Limitations & Future Work

  • Scoped to Computable Problems: The method assumes a task can be solved by a deterministic program; it is not applicable to open-ended reasoning (e.g., common sense or creative tasks).
  • Dependency on Manual Solvers: Each task requires a human to write a correct Python solver to generate the CoT, which introduces human labor and potential for global data pollution if the solver is incorrect.
  • Increased CoT Length: Atomic states flatten reasoning into many small steps. While shorter than some reasoning models, the step count for extremely long inputs may still pose inference overhead.
  • Validated only on Qwen2.5-7B: The performance of this structure on smaller/larger models or during the pre-training phase has not been fully explored.
  • vs Index Hint / Reversed Format: These are specialized CoT formats for narrow tasks (bit-matching/arithmetic). TAIL uses a universal computation model to unify CoT construction across all computable problems, leading by a wide margin (86.5% vs 24–35% on long-sequence addition).
  • vs Reasoning Models like DeepSeek-R1: Reasoning models rely on anthropomorphic "styles" and trial-and-error, which are prone to shortcuts.

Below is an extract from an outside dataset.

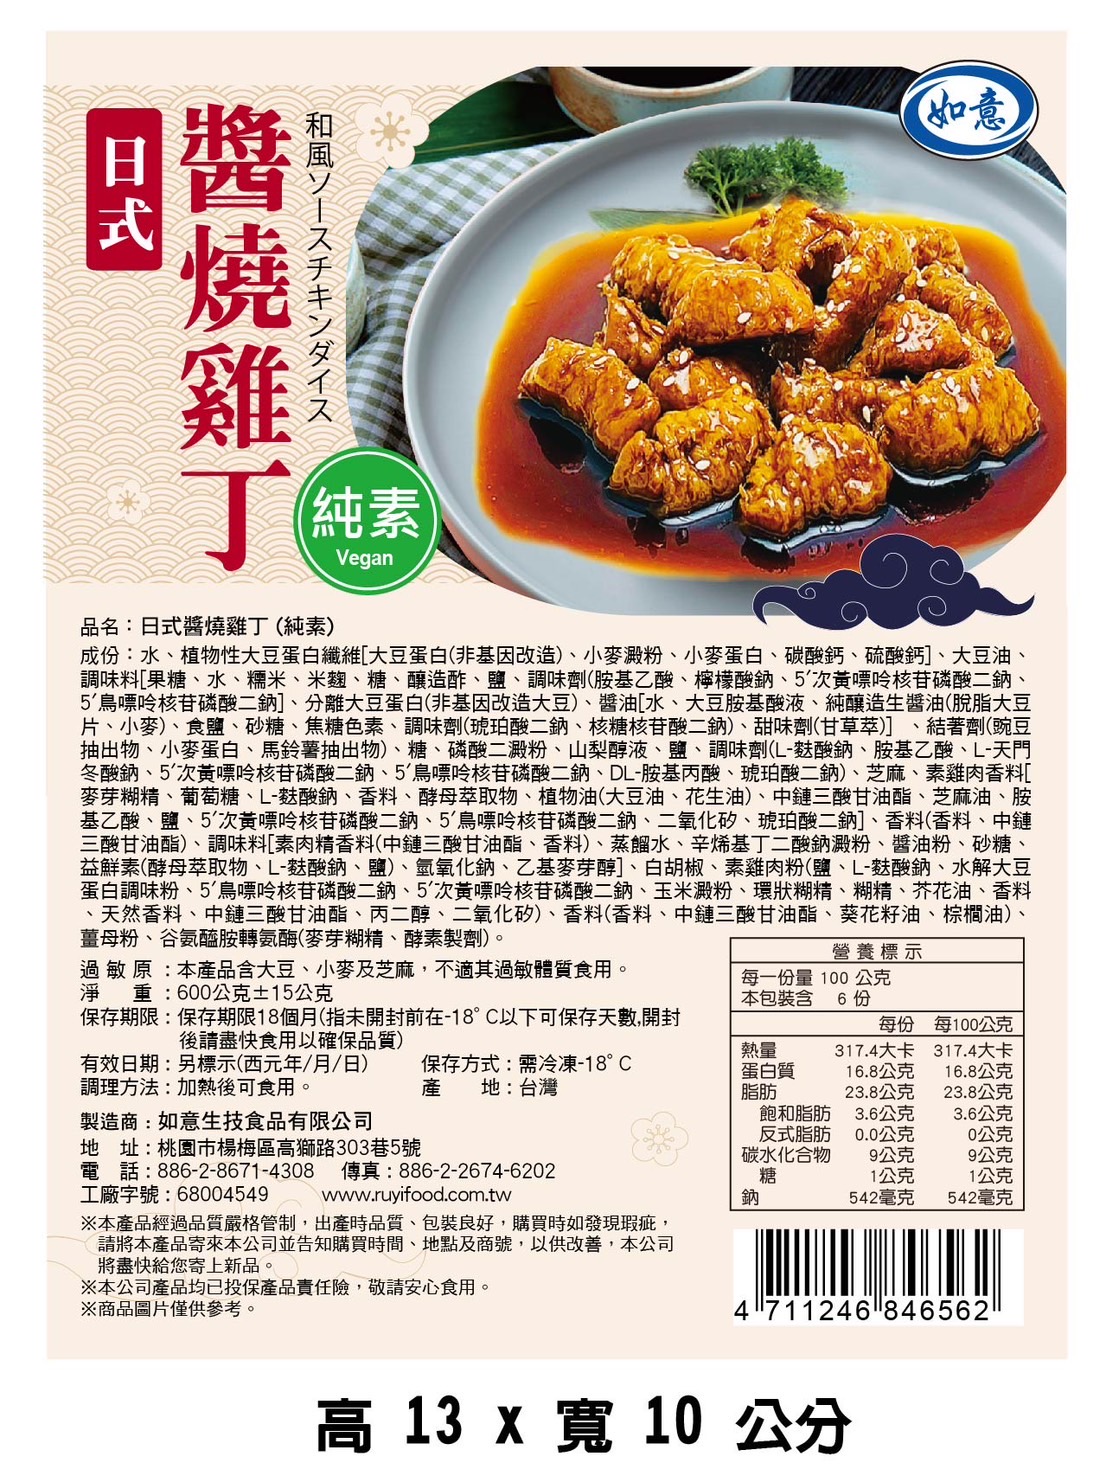 【如意生技】純素日式醬燒雞排雞丁任選 (600g/包)

TAIL proves that the key to length generalization is structured execution, not linguistic style.
  • vs Transformer Turing-Completeness Theory: Prior work proved Transformers are Turing-complete with enough CoT, but did not provide a concrete method to construct such CoT across diverse tasks; TAIL implements this as three programmable modules.

Rating

  • Novelty: ⭐⭐⭐⭐⭐ Unifying CoT design for length generalization via Turing Machine imitation is a fresh perspective with theoretical support.

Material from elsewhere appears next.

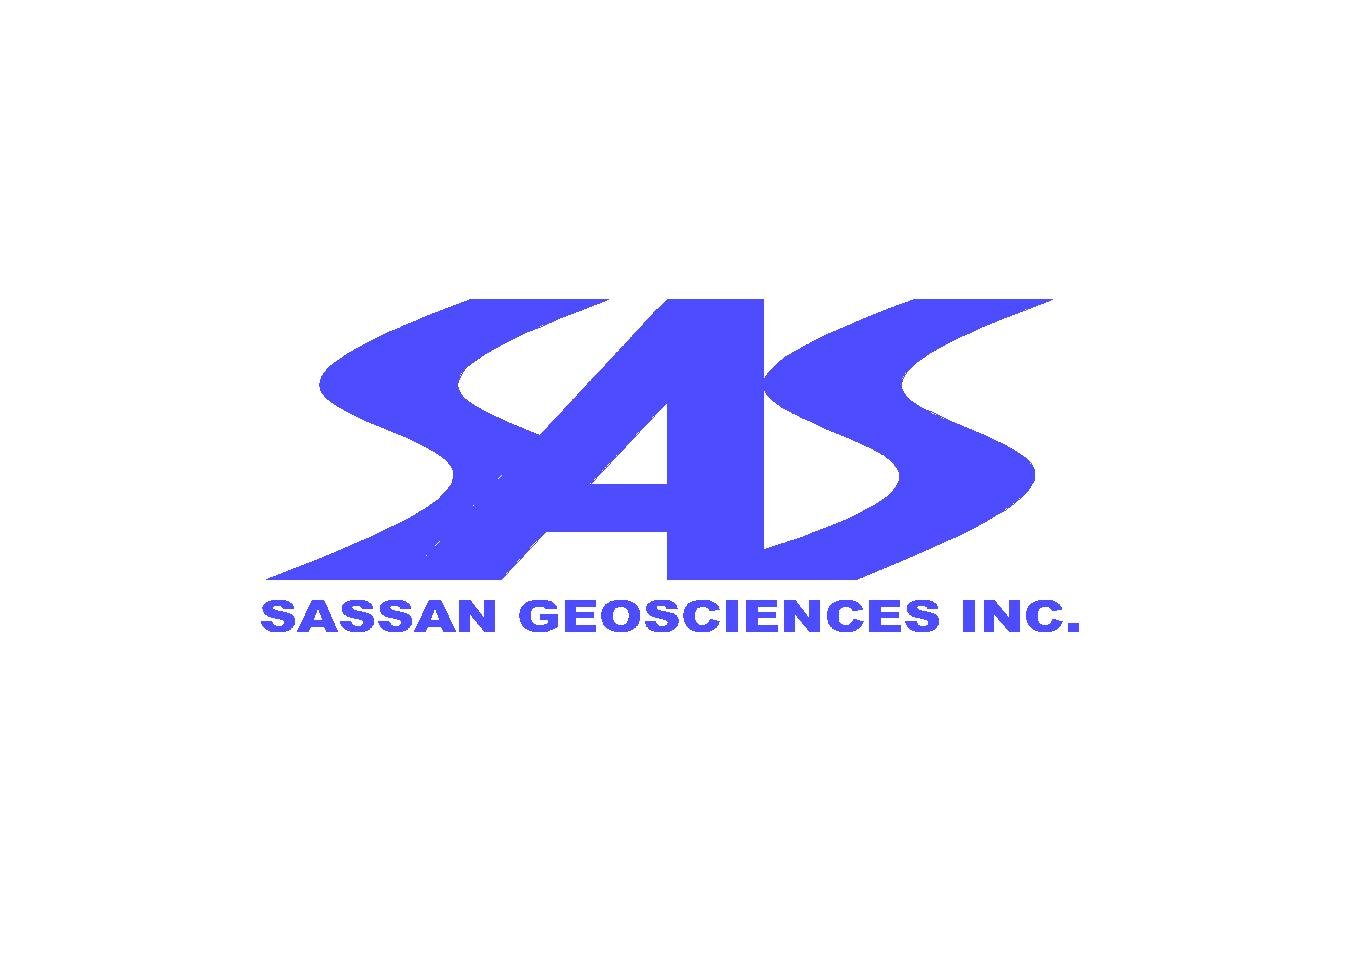 Sassan Geosciences

  • Experimental Thoroughness: ⭐⭐⭐⭐ 18 tasks, three-module ablation, data ratios, and attention visualization; however, only validated on a single 7B model.
  • Writing Quality: ⭐⭐⭐⭐ Clear logic from theory to method to experiments with intuitive diagrams.
  • Value: ⭐⭐⭐⭐⭐ Provides a reusable and programmable universal paradigm for enabling length generalization in LLMs.